Kawika saw Aurora's silhouette in the tactical operations center, and addressed Murray one last time. "Deploy your forces, General."

He terminated the link.

"Master Sergeant", said Son, addressing his newfound visitor.

Aurora was attired in the matte pixilated grey camouflage Mark V hostile environment suit; the au courant attire for Ghost personnel in the Contingency Strike Force. In the dusky lighting of the TOC, the pulses of cyan light running along the length of her armor were outstanding. Her entrance drew ripples of surprise from the operations staff at the TOC—few had seen Ghost personnel deployed in the field, who were by nature and namesake clandestine and their deployments highly classified—and few could ever address the commanding admiral directly without prelude. The coincidence of these two exceptional circumstances made Aurora's entrance outstanding indeed.

Nevertheless, her young features were deformed with a discomfiting intensity—a open ferality. Her inky black hair was disheveled and there was a peculiar energy about her, a singlemindedness of intent and purpose.

"There's a complication", said Aurora bluntly.

Son regarded the Ghost carefully; though self-assured in his own tactical cognition and strategic perception, the psionics afforded a perception that was literally supernatural. Such precognition, combined with their tactical dexterity, had made the Ghost operators some of the most incisive operational extensions of Son himself. Although regarding them as definitive augurs was perhaps farfetched, it would be a non sequitir to heed no credence to the advice of some of the Dominion's most expertly trained operators.

"Yes?"

"There are other whispers."

"Psionic whispers?" asked Son immediately, entraining himself unto the situation with immediate alacrity.

"Yes", replied Aurora. "Here—in Tir Nanog. I can hear them."

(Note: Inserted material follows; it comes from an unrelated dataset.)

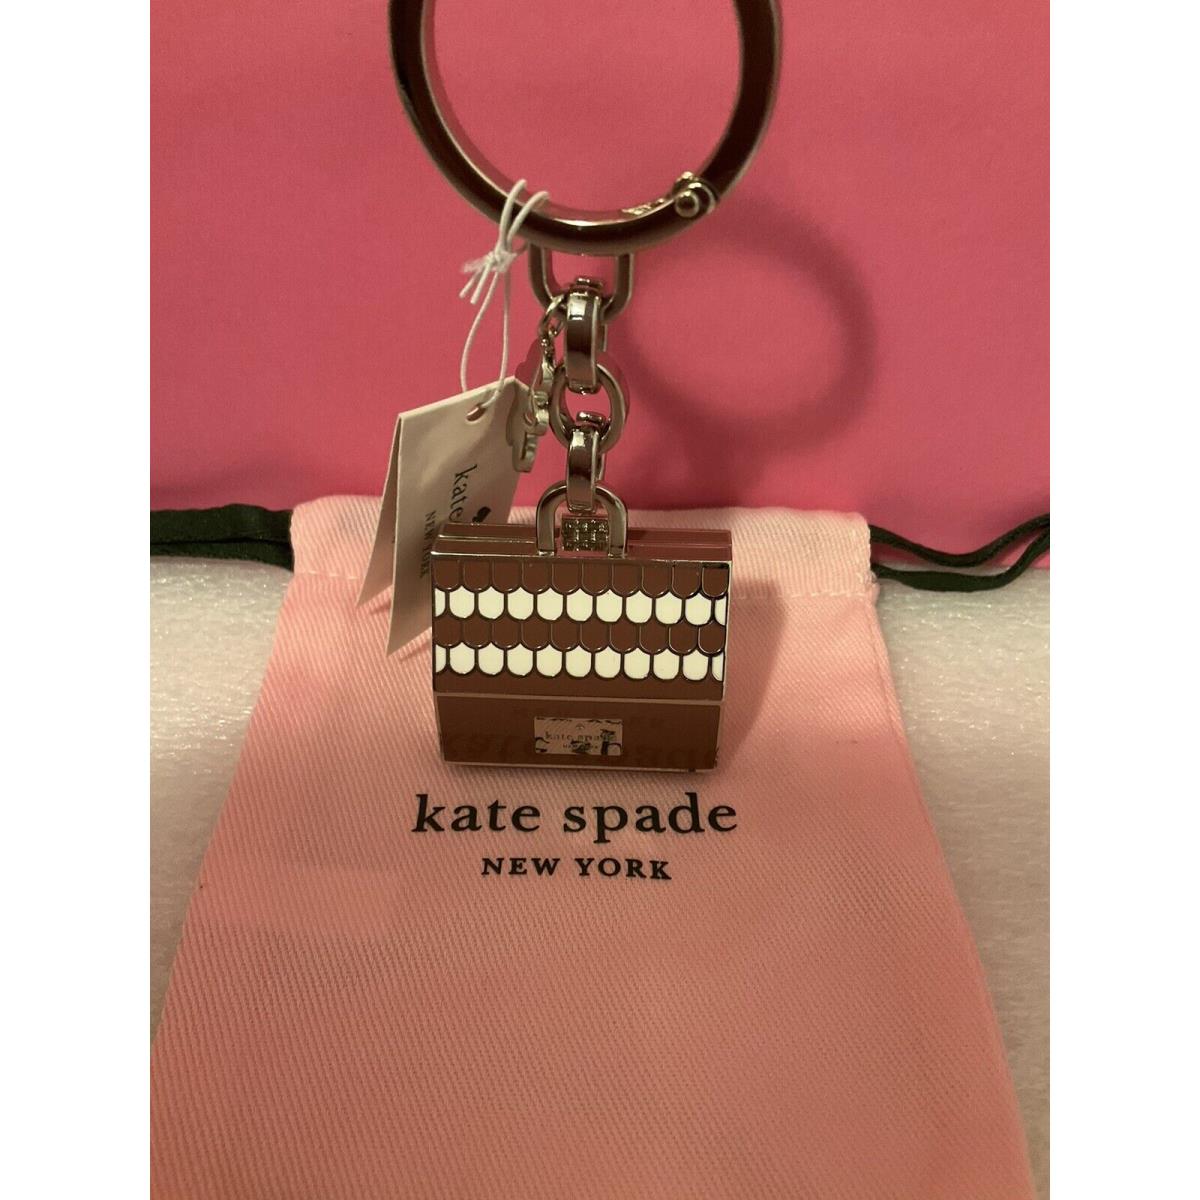 Kate Spade Gingerbread House Key Chain Bag Charm Novelty Gift w/ KS Dust Bag

There was a pause as the commodore regarded Aurora seriously—such an extravagant warning from such a petite figure.

"Not our own Ghosts?" he asked incredulously.

"No."

"Zerg?"

"No". Aurora shook her head, the motion shifting her obsidian bangs. "They're too—unstructured. Feral. Even psionically, they radiate only a single intention—to consume. If they were here, it'd be impossible to drown out their voices."

She paused.

"I understand that this is not very quantitative—but I'm absolutely certain. I can hear them talking all the time—someone else is clearly here on Tir Nanog, besides us."

"Protoss?" asked Son.

"I'm not sure", admitted Aurora. "I've never been close enough to one before to hear them."

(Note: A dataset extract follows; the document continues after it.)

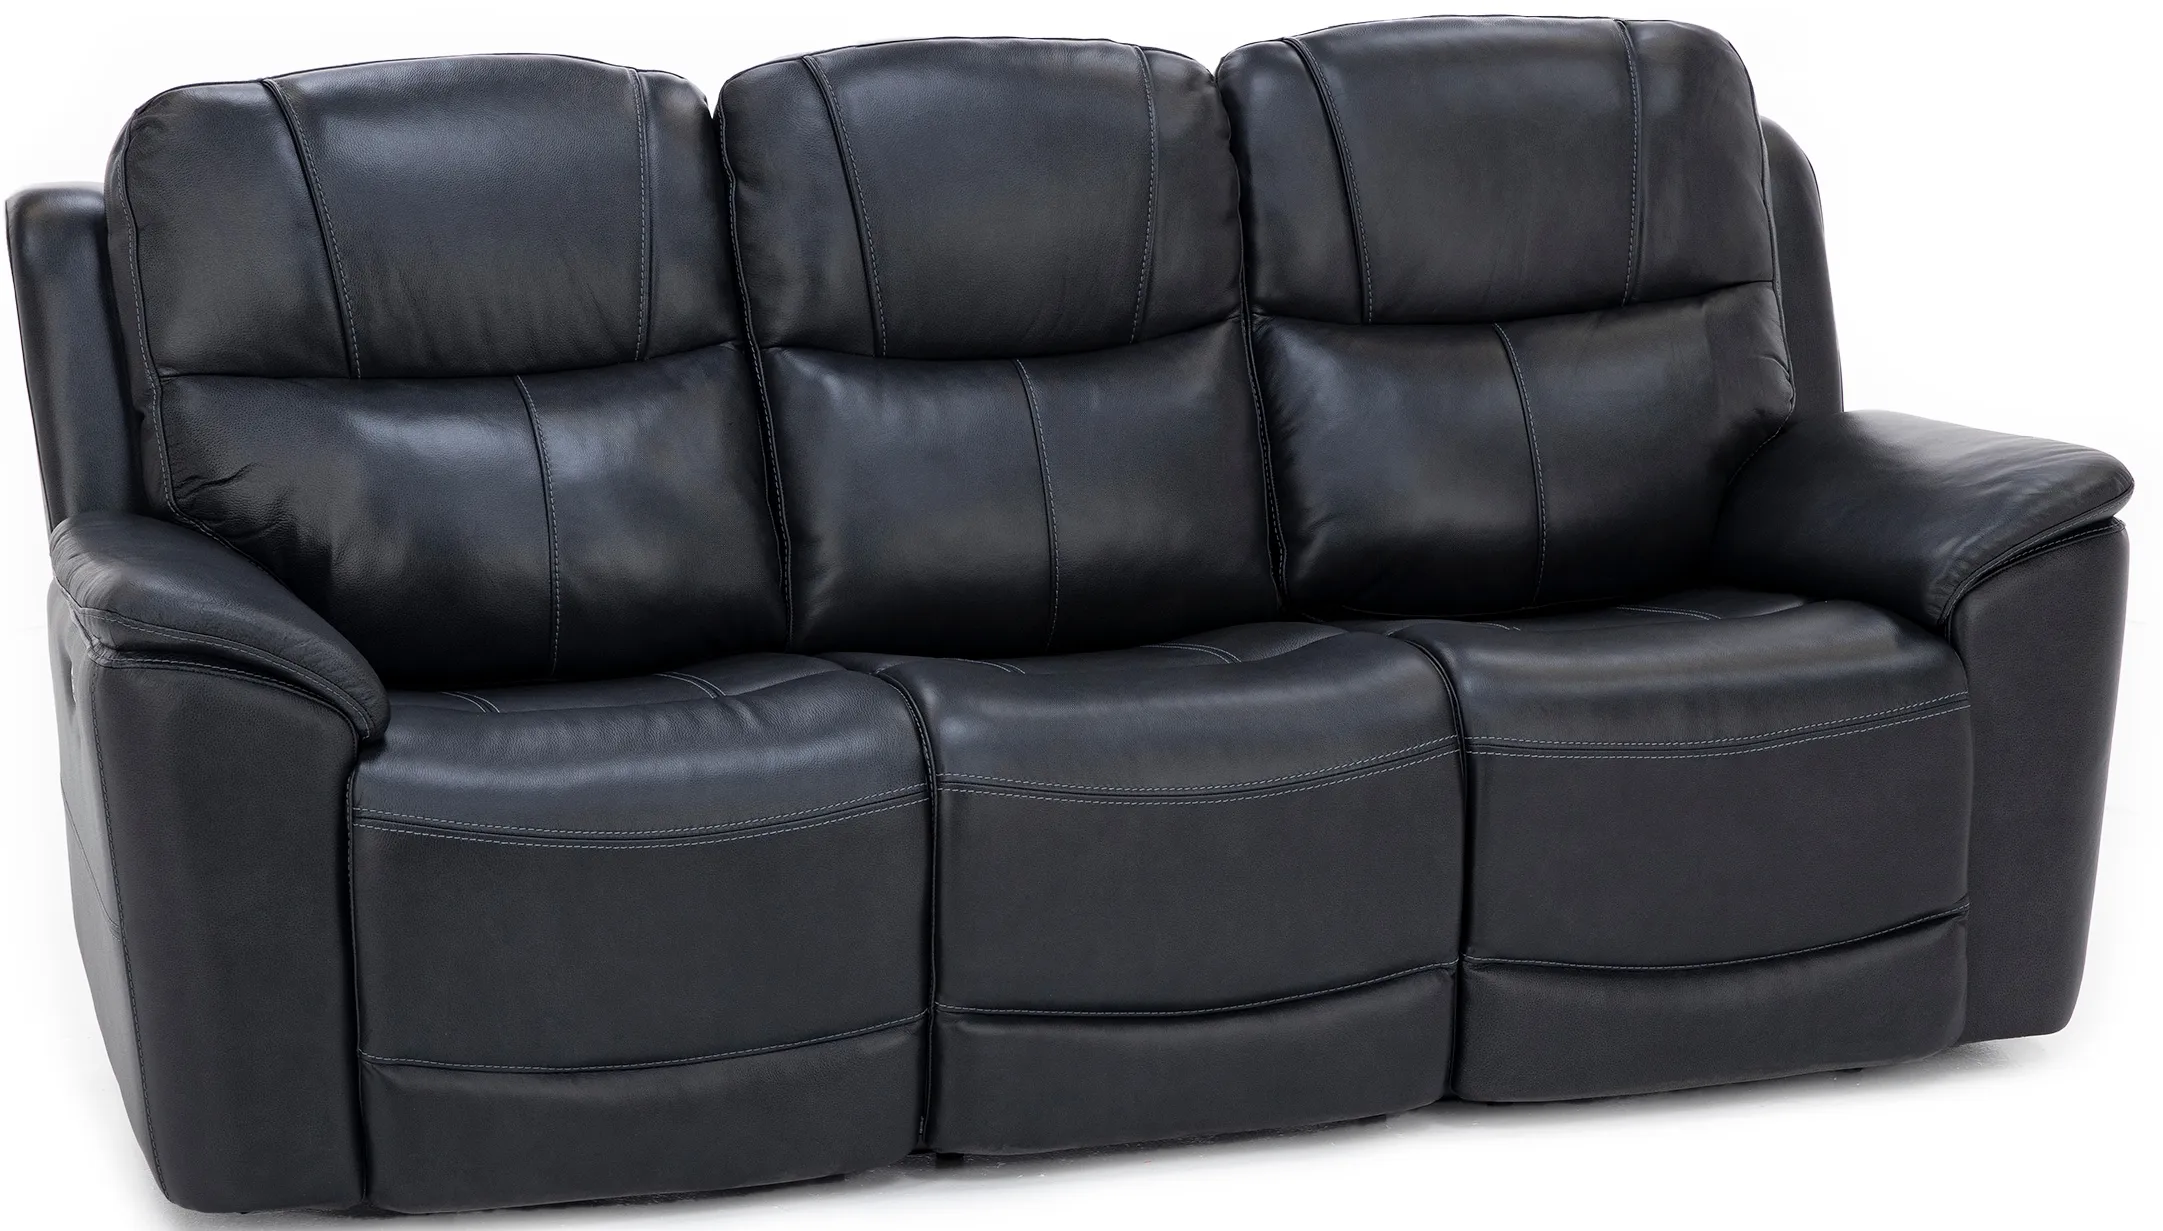 Wrenn Leather Fully Loaded Zero Gravity Reclining Sofa in Raven

"The zerg have been known to employ shapeshifters—'changelings'—in various reconnaissance capacities recently", said the commodore. "Could one of them masquerade as a terran psionic?"

"Not sure, sir."

There was a peculiar silence as Son stared at the tactical display distantly, rapping his fingers on the tabletop as his nascent thoughts coalesced into something material—uncertain of what to make of this intelligence; whether it was even actionable. Although he had previously received advice from Ghost operators—often concerning the probable locations of targets, he had thought that was more tactical intuition than any extraordinary perception. This was the first time he had even heard that the Ghosts "heard" other things—and this intelligence was obtained through contrivances and biological faculties that weren't even available to him.

"Do you believe that this is actionable?"

There was a pause, and then she curtly answered—"Yes."

"What do Artemis and the rest 'hear'?" he asked, referring to the commanding officer of Phantom Four, the "augmented" detachment of Phantom Troop.

"Quieter for them. But they definitely hear the movement as well. We're not alone here."

In Son's line of work—counterinsurgency and counterterrorism—his colleagues (as did mercenaries and other similar elements) often described a dependence on hunches or intuition; curiously, Son still excelled in his currently capacities with a strict dependence on rule-based logic and definitive rationale. Indeed, when one saw the products of "intuition" enough, one could see that it was simply the mixture of inherent prejudices, various proclivities, and a small dosage of previous field experiences. A rational analysis of the design and composition of the situation had always enabled Son to succeed in his most audacious operations—he had always considered blind action antithetical to his own set of operating rules.

"Is it possible", he asked, "that Raynor's Raiders have their own psionic?"

"The whispers began shortly after the conclusion of the Chenoweth operation and the fall of the majority of the Raider contingent. They came on-planet last night—I didn't hear anything prior to that."

"If there is a foreign agency involved besides the Raiders, then the fundamental operating assumptions of this operation have changed. This is not a kill-capture operation looking for an encircled and immobilized target. And that these 'voices' have not announced themselves publicly to us suggests that they are operating against us."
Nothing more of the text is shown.